# Bike alarm install



## Raylo (Feb 12, 2006)

Thought some of you guys might find this different take on a bicycle alarm interesting. I have in the past done loop detectors that trigger when a wire is cut but this time came up with one that will alarm when someone even pulls on the bike lock cable or on whatever else I have hooked up to this. I took a DEI tilt switch, fabbed up some aluminum brackets, and ran a thin stainless steel cable into the truck bed with a loop on the end that can be connected to whatever. The cable pulls the tilt switch up and it pivots on the bolt that holds it onto the bracket and the rubber band provides a little help to gravity to restore it after it moves. I Connected the tilt switch to the alarm system second negative trigger. Also serves as a regular tilt switch for jacking/towing.

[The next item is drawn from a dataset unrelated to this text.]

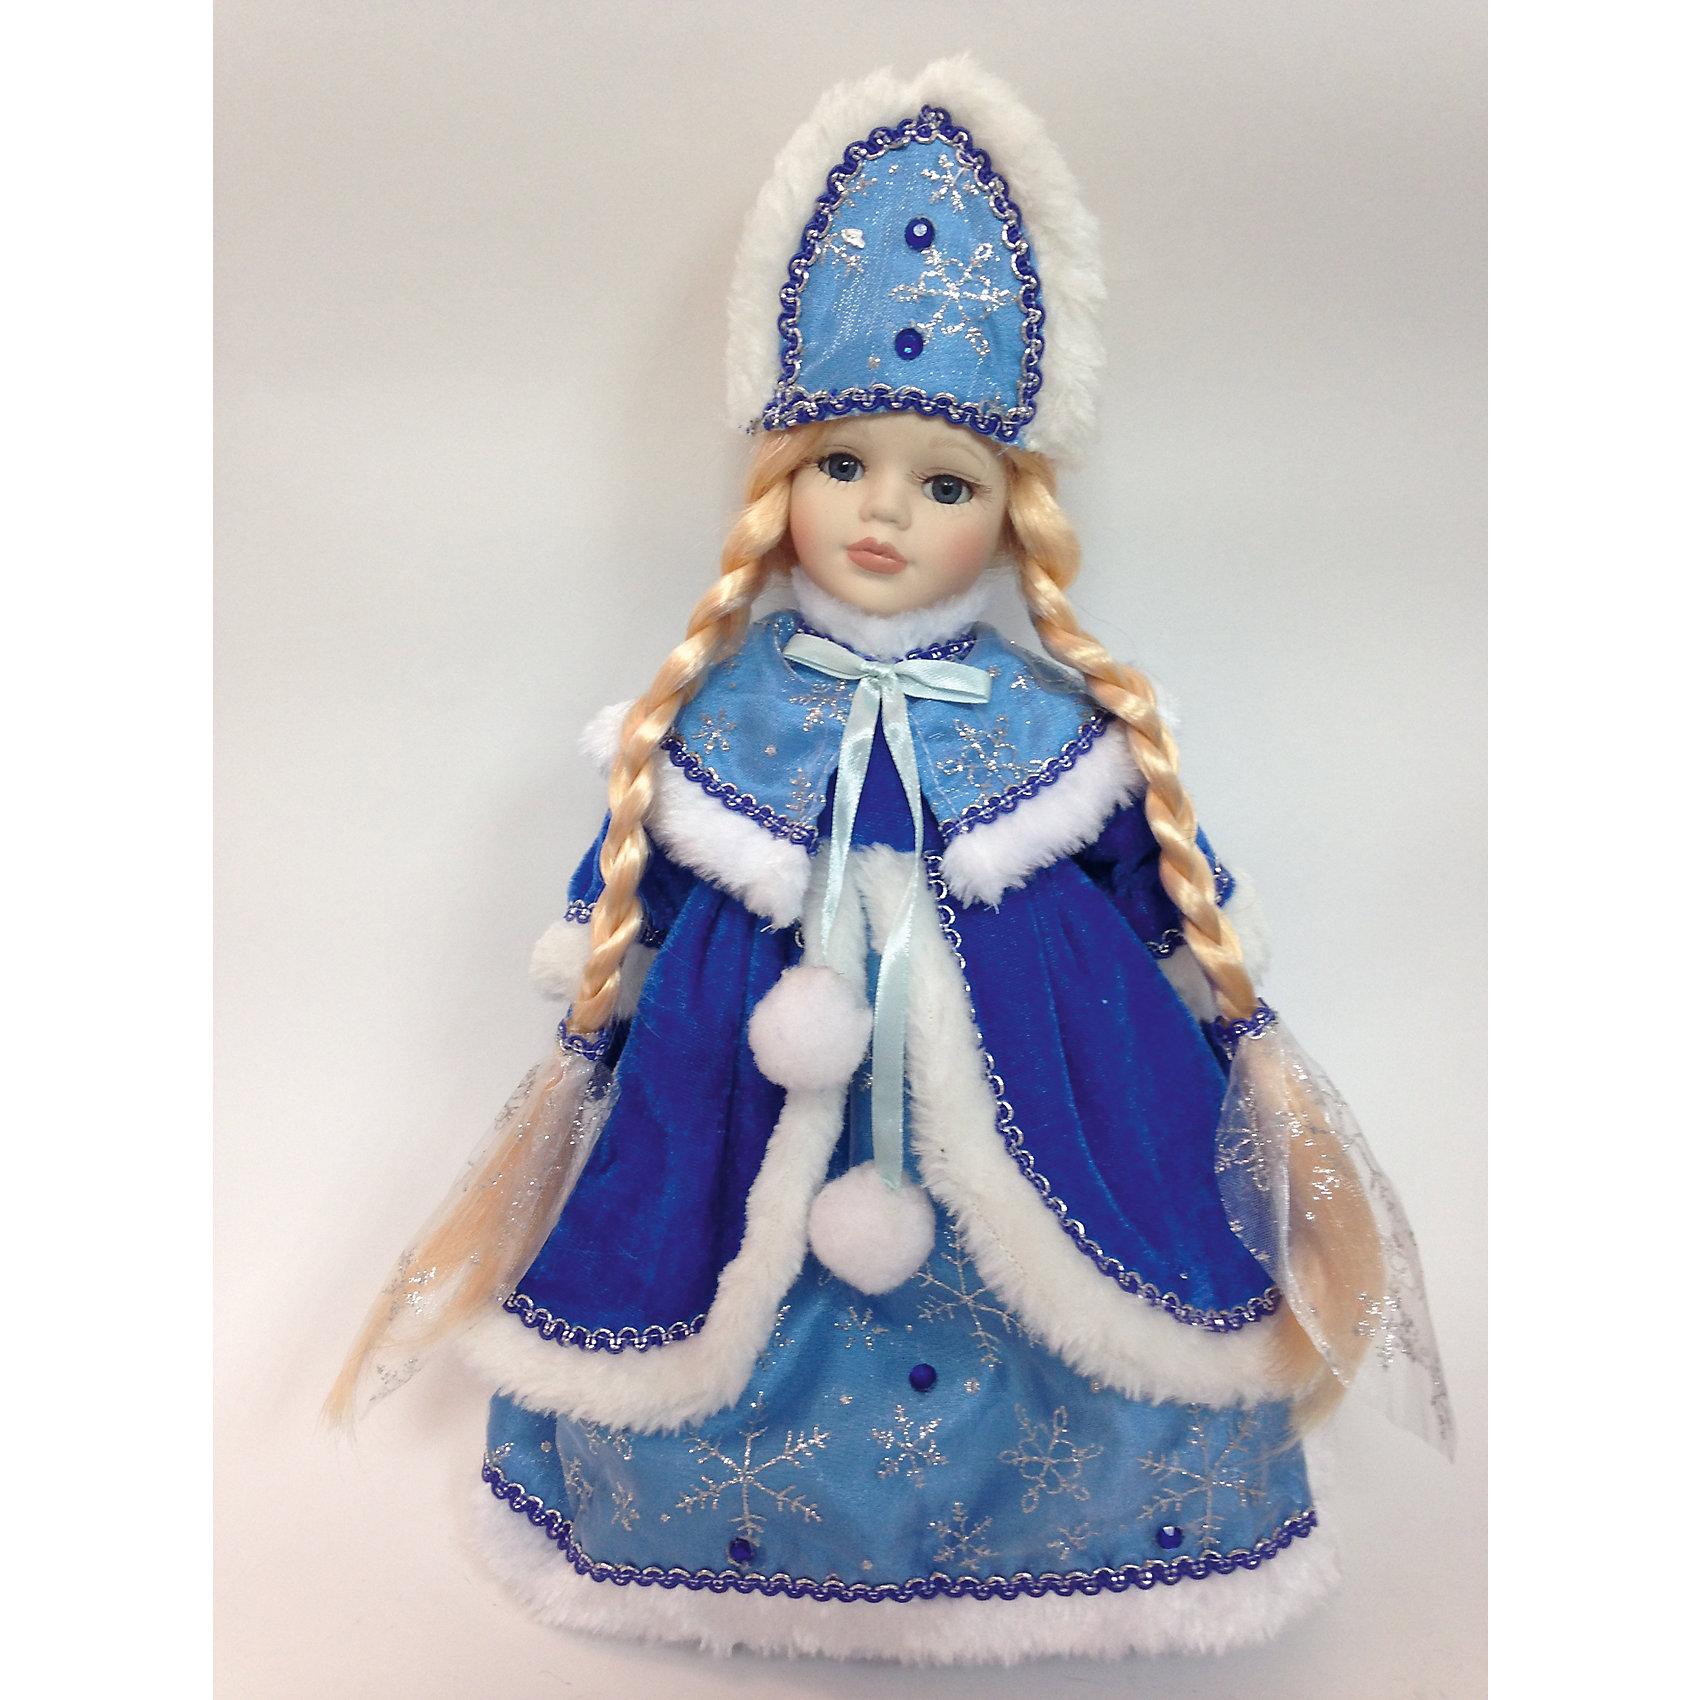 Декоративная кукла Снегурочка Мариша, (30см, на подставке)Кукла декор. арт.41685 Снегурочка Мариша, (30см, на подставке, тело мягкое набивное; голова, руки и ноги - керамические) / 30 арт.41685<br><br>Ширина мм: 380<br>Глубина мм: 140<br>Высота мм: 90<br>Вес г: 600<br>Возраст от месяцев: 60<br>Возраст до месяцев: 600<br>Пол: Унисекс<br>Возраст: Детский<br>SKU: 5144553

For more pics visit: http://www.tacomaworld.com/forum/audio-video/45921-bicycle-alarm-install-w-pics.html


Here's a couple of pics:


----------



## Justin220 (Jul 31, 2009)

Very good job!


----------



## Raylo (Feb 12, 2006)

Thanks... I hope it doesn't ever get tested.


----------



## lcurle (Oct 5, 2008)

you can get a proximity alarm that would beep a few times when someone gets within 24 inches of the bike, then when someone touches a piece of metal on the bike it creates a static ground and sets the alarm off.


----------



## mporettim (Aug 31, 2009)

lcurle said:


> you can get a proximity alarm that would beep a few times when someone gets within 24 inches of the bike, then when someone touches a piece of metal on the bike it creates a static ground and sets the alarm off.


HA, I love that idea. I'm going to have to do that some day...


----------